Unfortunately, and even though she'd been the one who'd suggested the compromise, Honor shared his view of what had inspired Janacek's attempt. Which was why she, too, resented it so bitterly. She hoped her resentment stemmed from the circumstances which had put Janacek into the First Lord's chair once again, not from a sense of her own importance, but she was self-honest enough to admit that she wasn't as certain of that as she would have preferred to be.

She grimaced at the thought and set her pistol case and accessory shoulder bag on the counter as the range officer, an absurdly youthful looking Marine master sergeant whose nameplate read "Johannsen, M.," produced ear protectors for her and LaFollet, along with the proper forms. She signed and thumbprinted the paperwork, then opened the shoulder bag for the special ear protectors she'd had made for Nimitz. The 'cat regarded them with scant favor, but he wasn't about to reject them. Back home on Grayson, her outdoor range allowed him to keep an eye on her while she practiced without bringing him into such proximity as to make the sound of the gunshots a problem.
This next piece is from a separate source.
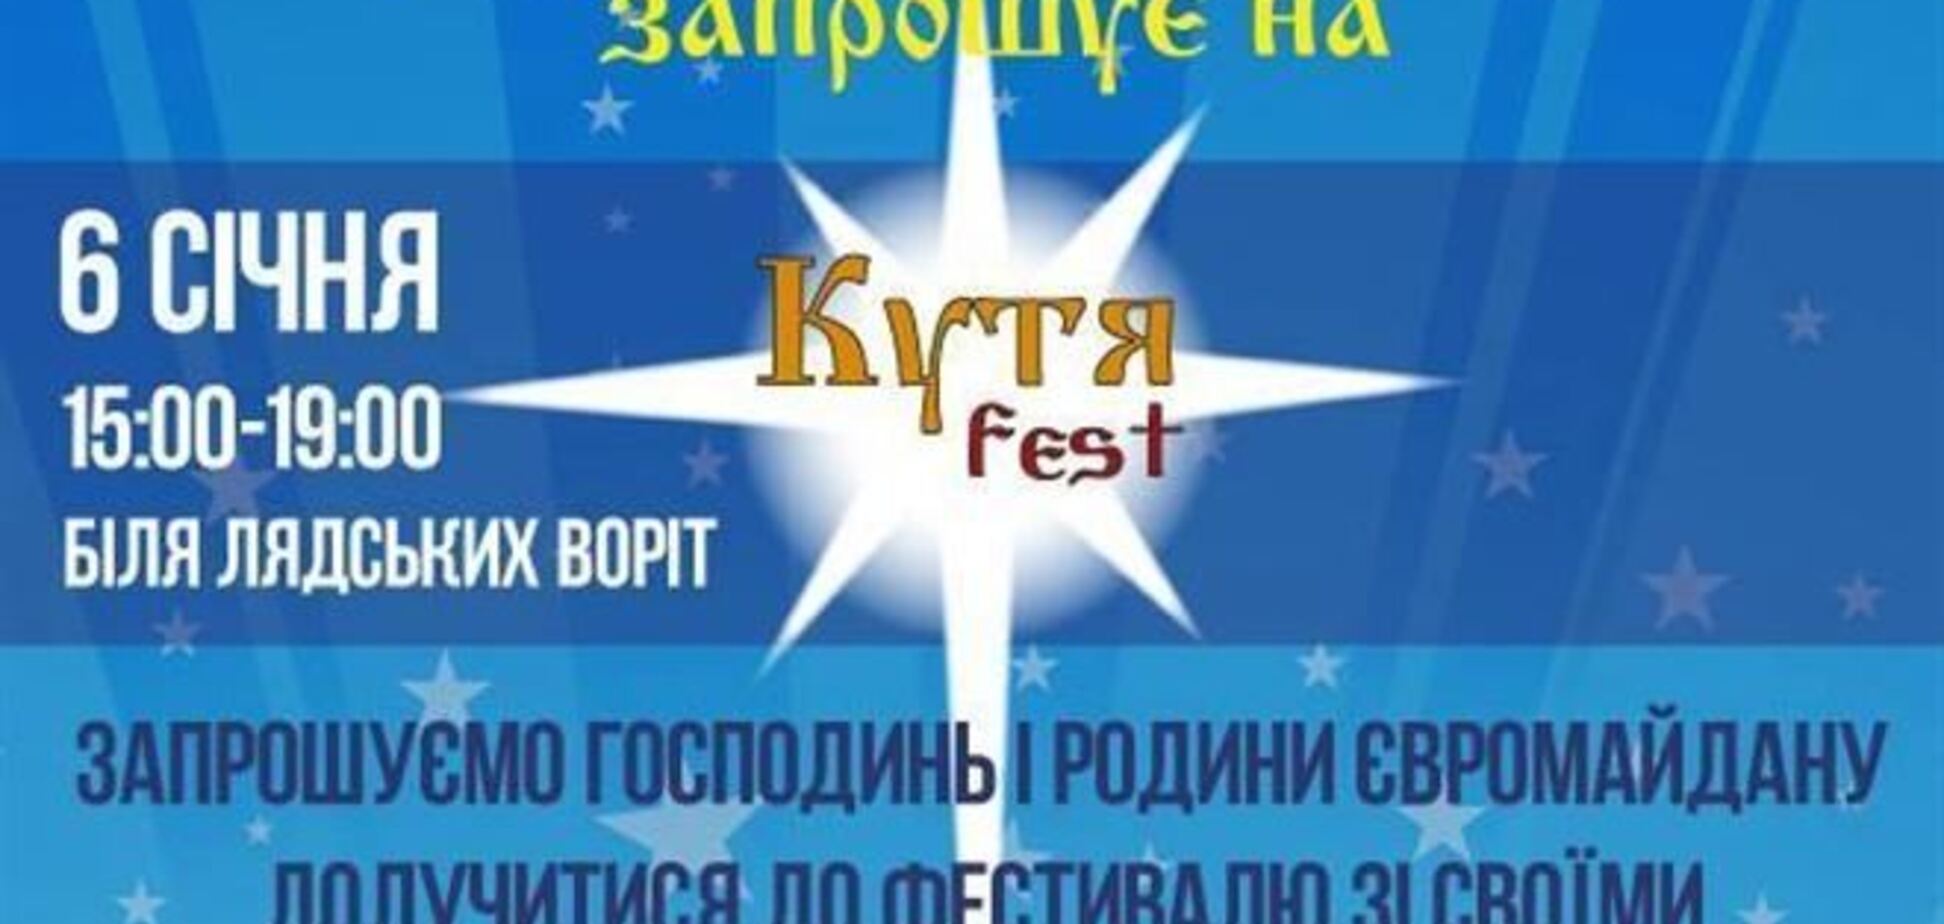 На Евромайдане в понедельник пройдет рождественский КУТЯfest

Here at the Academy, with its indoor range, that wasn't a possibility, and she watched patiently while he slipped the protectors into place and adjusted them carefully.

"Ready, Stinker?" she asked. The protectors were advanced developments of devices which had been available even before humanity left Old Earth for the stars. They were fully effective at damping the decibel spikes which could injure someone's hearing, yet normal conversational tones were clearly audible through them, and the 'cat raised one true-hand, closed in the sign for the letter "S," and "nodded" it up and down in affirmation.

"Good," she said, and adjusted her own ear protection. LaFollet had already donned his protectors, and she waited patiently while he stepped through the door to give the firing line itself a careful once over. Satisfied that no desperately determined hired killers had infiltrated it, he opened the door once more and held it courteously for her.